Write out the whole listing exactly; no images belong in it.

# The data
-- Opening Marker --
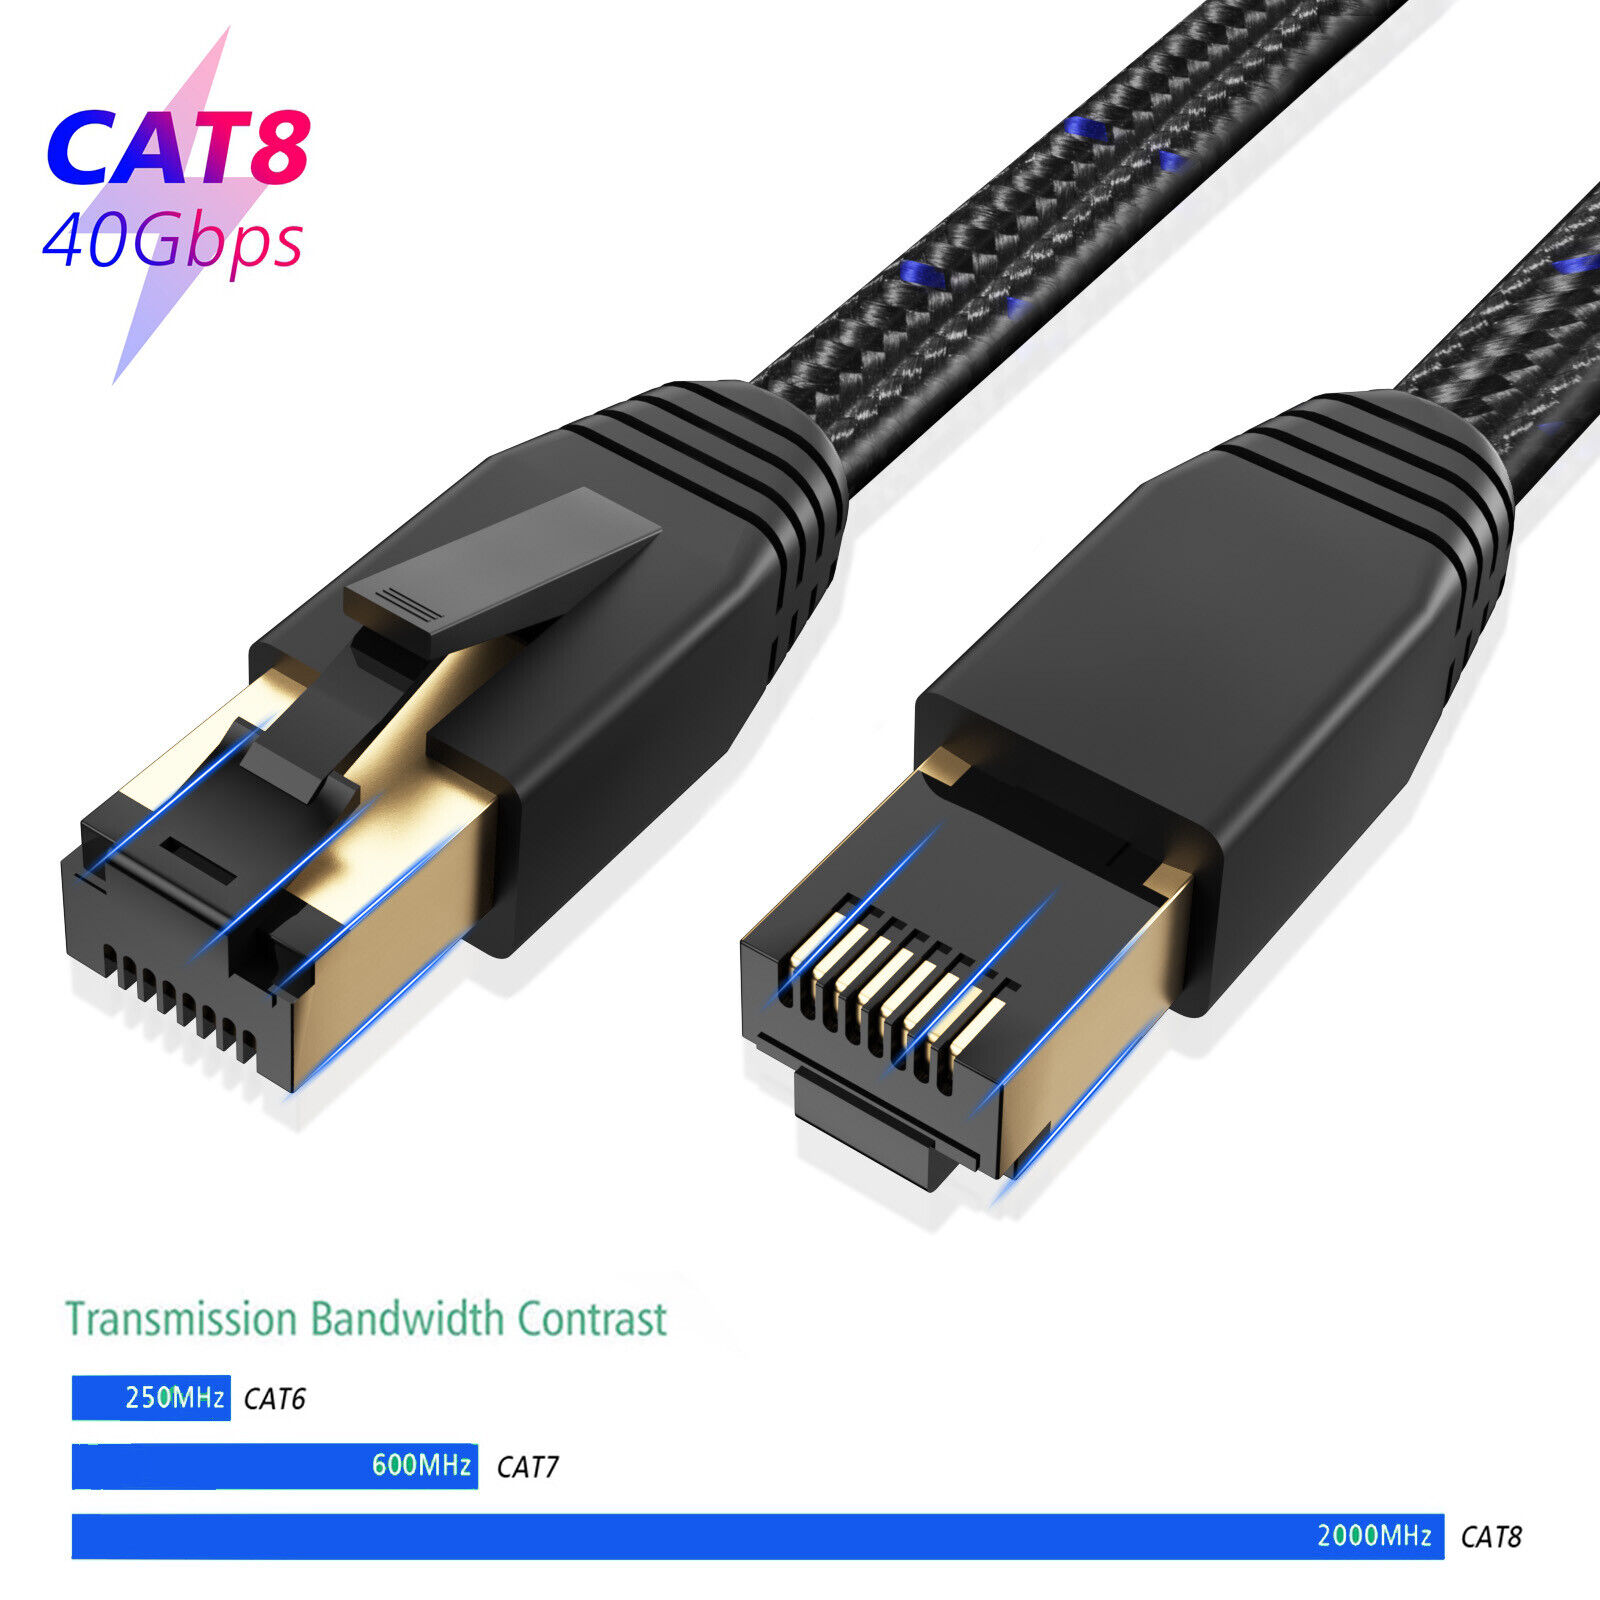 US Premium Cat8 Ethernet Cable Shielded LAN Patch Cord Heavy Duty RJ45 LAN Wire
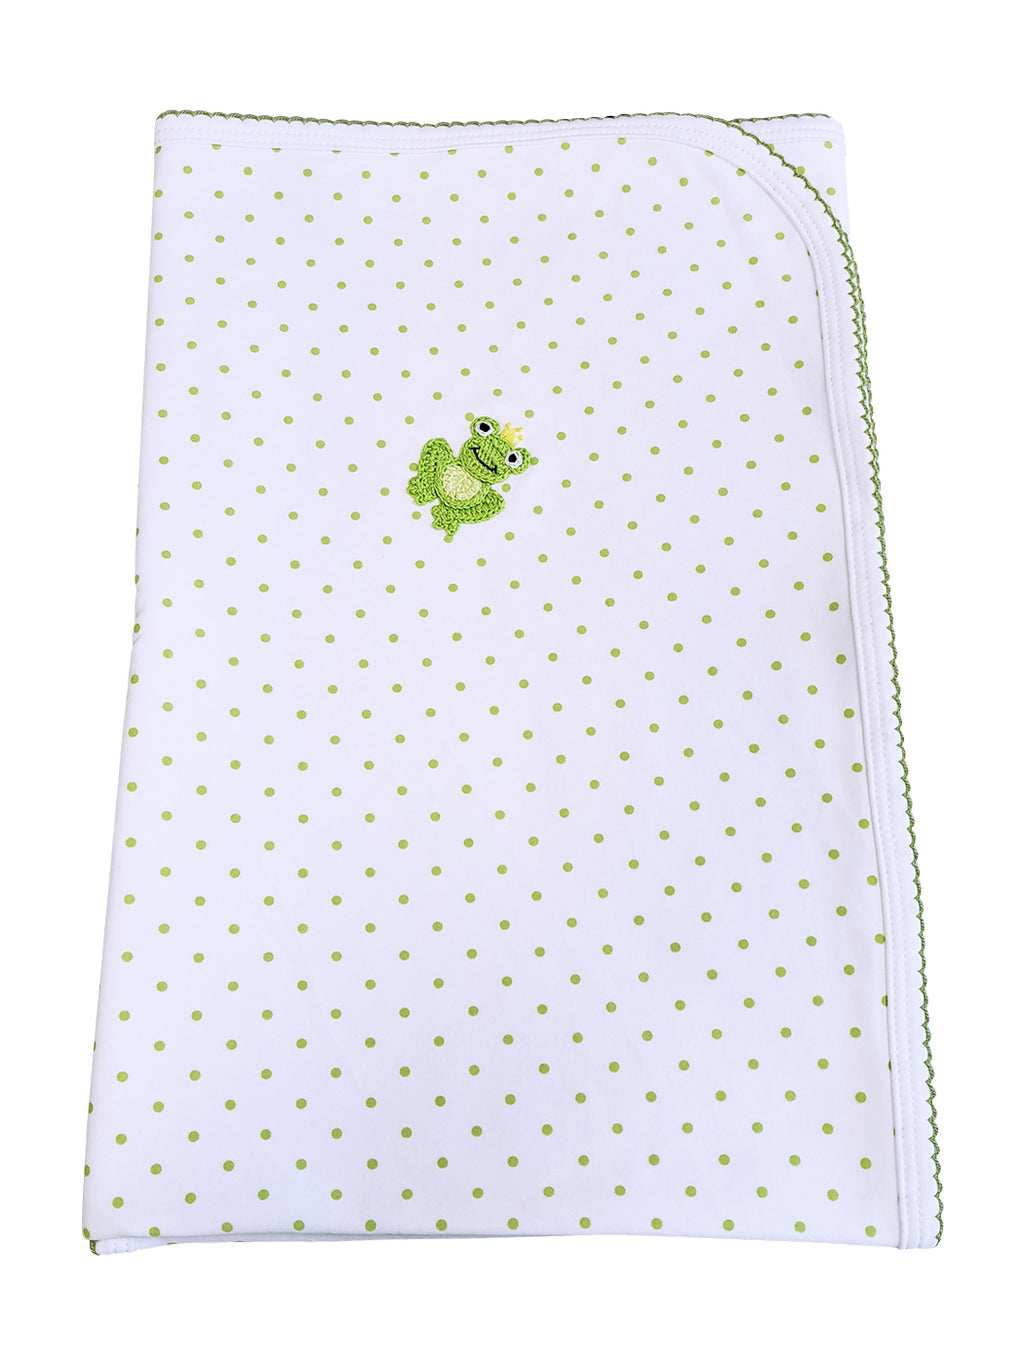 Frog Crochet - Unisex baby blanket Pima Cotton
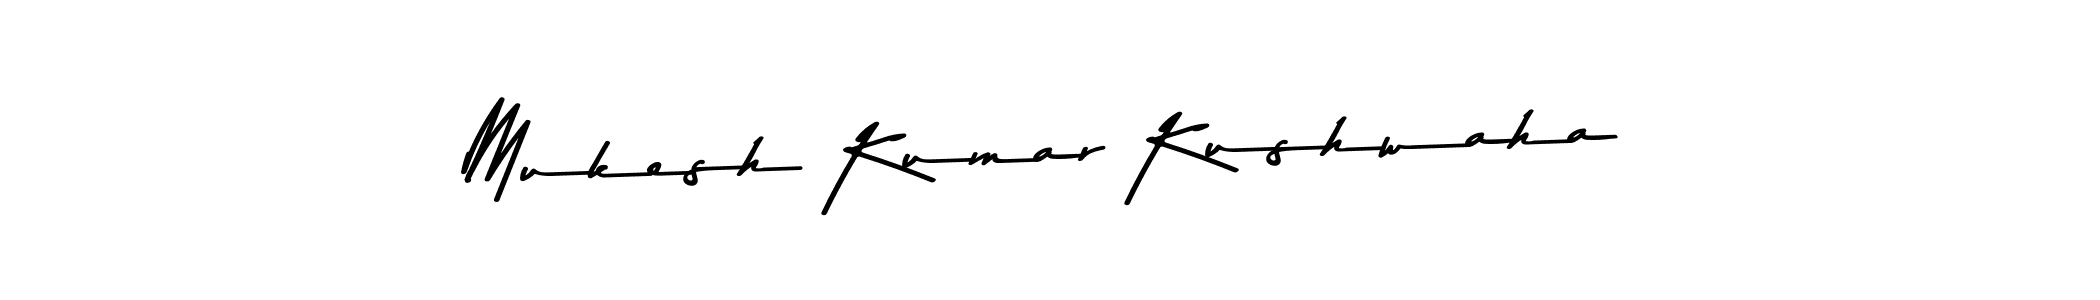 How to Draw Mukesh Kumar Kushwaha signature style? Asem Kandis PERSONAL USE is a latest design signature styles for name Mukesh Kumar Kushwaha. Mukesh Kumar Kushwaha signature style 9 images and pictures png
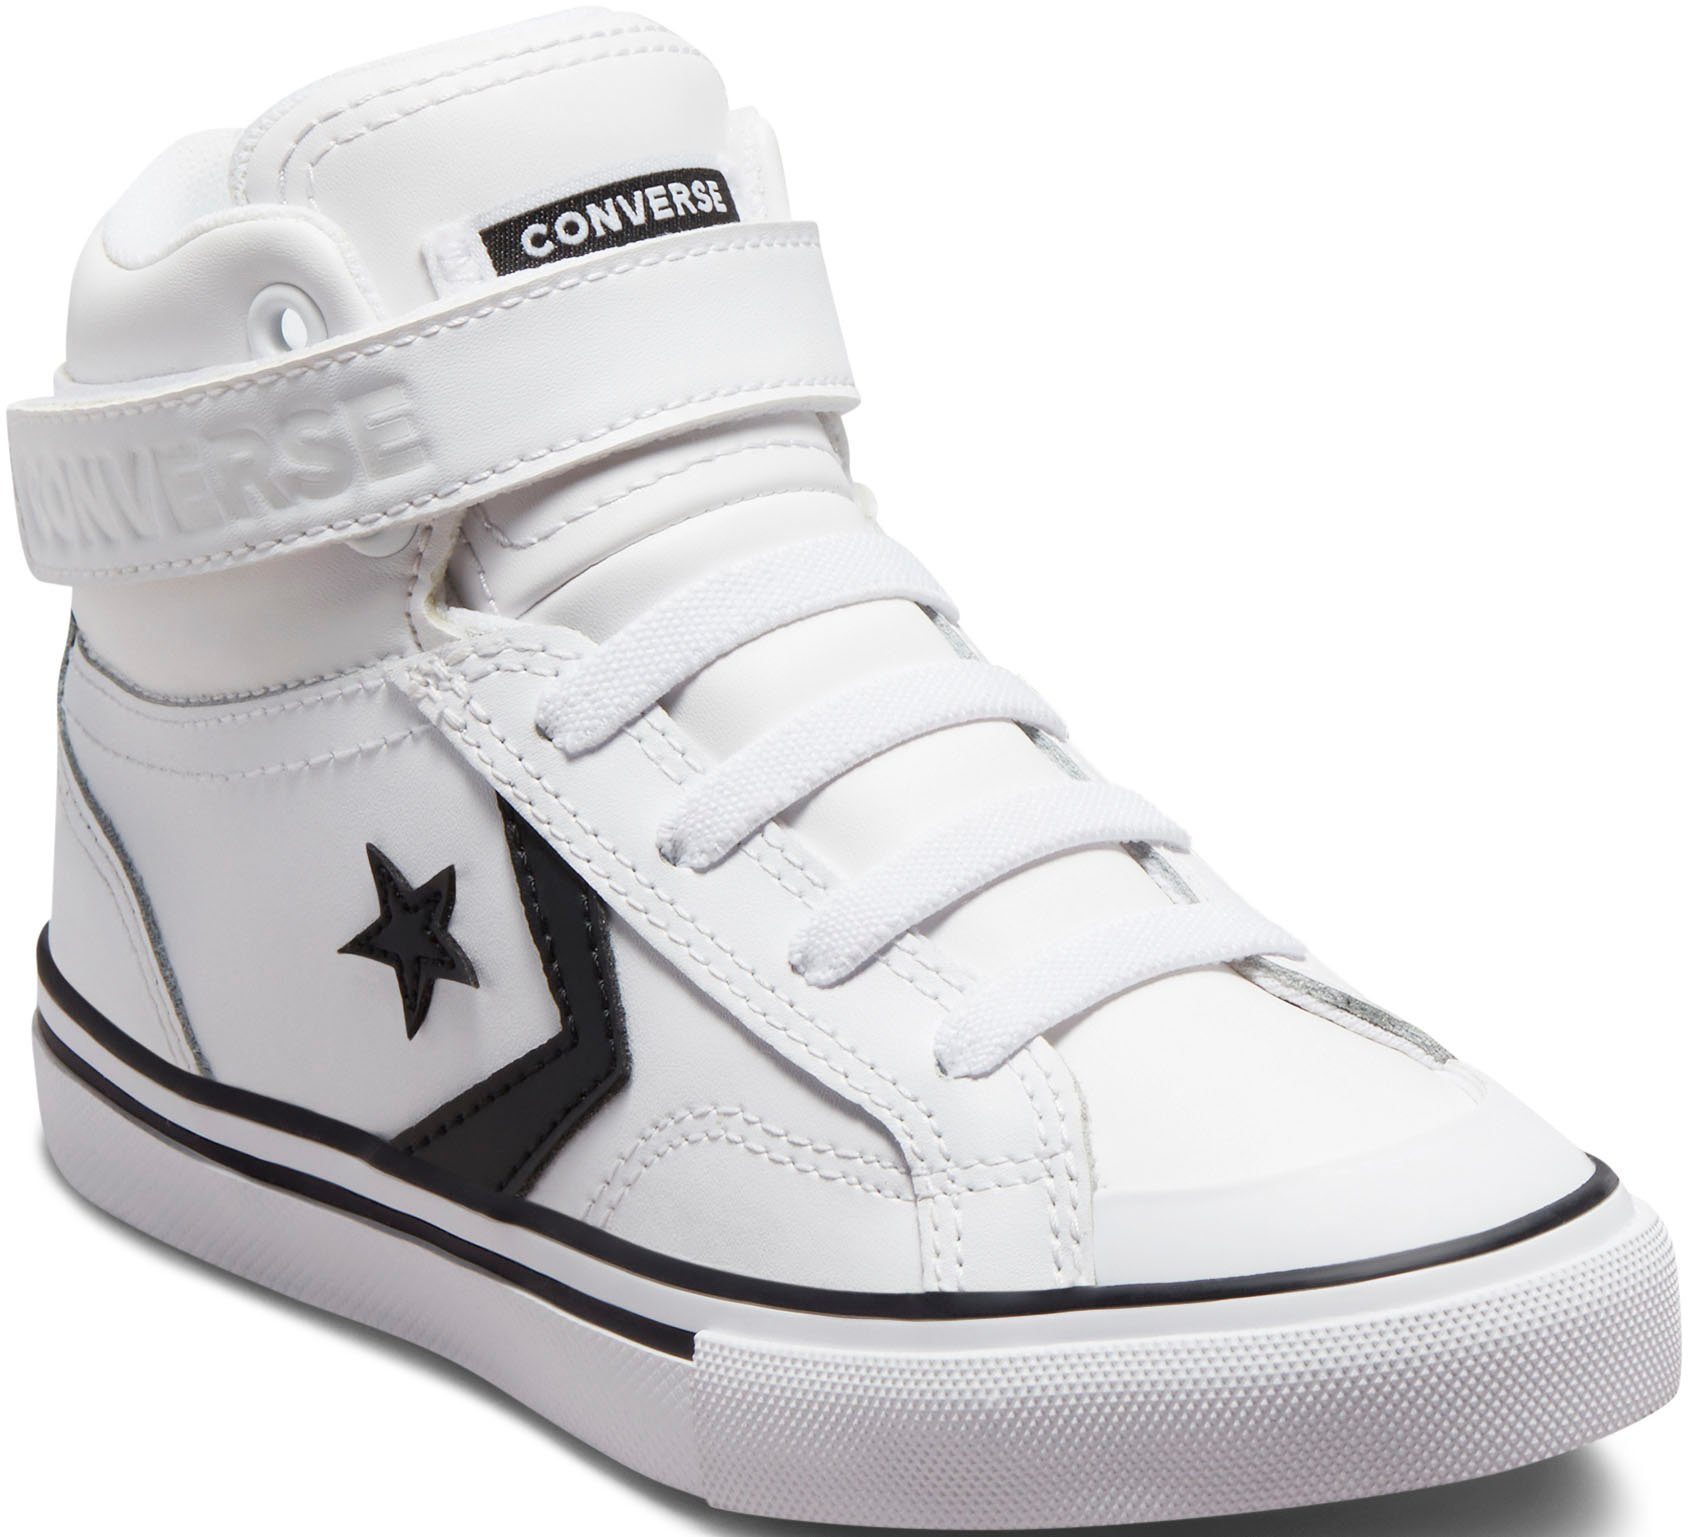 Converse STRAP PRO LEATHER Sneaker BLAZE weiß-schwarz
-- Closing Marker --
# Output for this exercise
 US Premium Cat8 Ethernet Cable Shielded LAN Patch Cord Heavy Duty RJ45 LAN Wire
 Frog Crochet - Unisex baby blanket Pima Cotton
 How to Draw Mukesh Kumar Kushwaha signature style? Asem Kandis PERSONAL USE is a latest design signature styles for name Mukesh Kumar Kushwaha. Mukesh Kumar Kushwaha signature style 9 images and pictures png
 Converse STRAP PRO LEATHER Sneaker BLAZE weiß-schwarz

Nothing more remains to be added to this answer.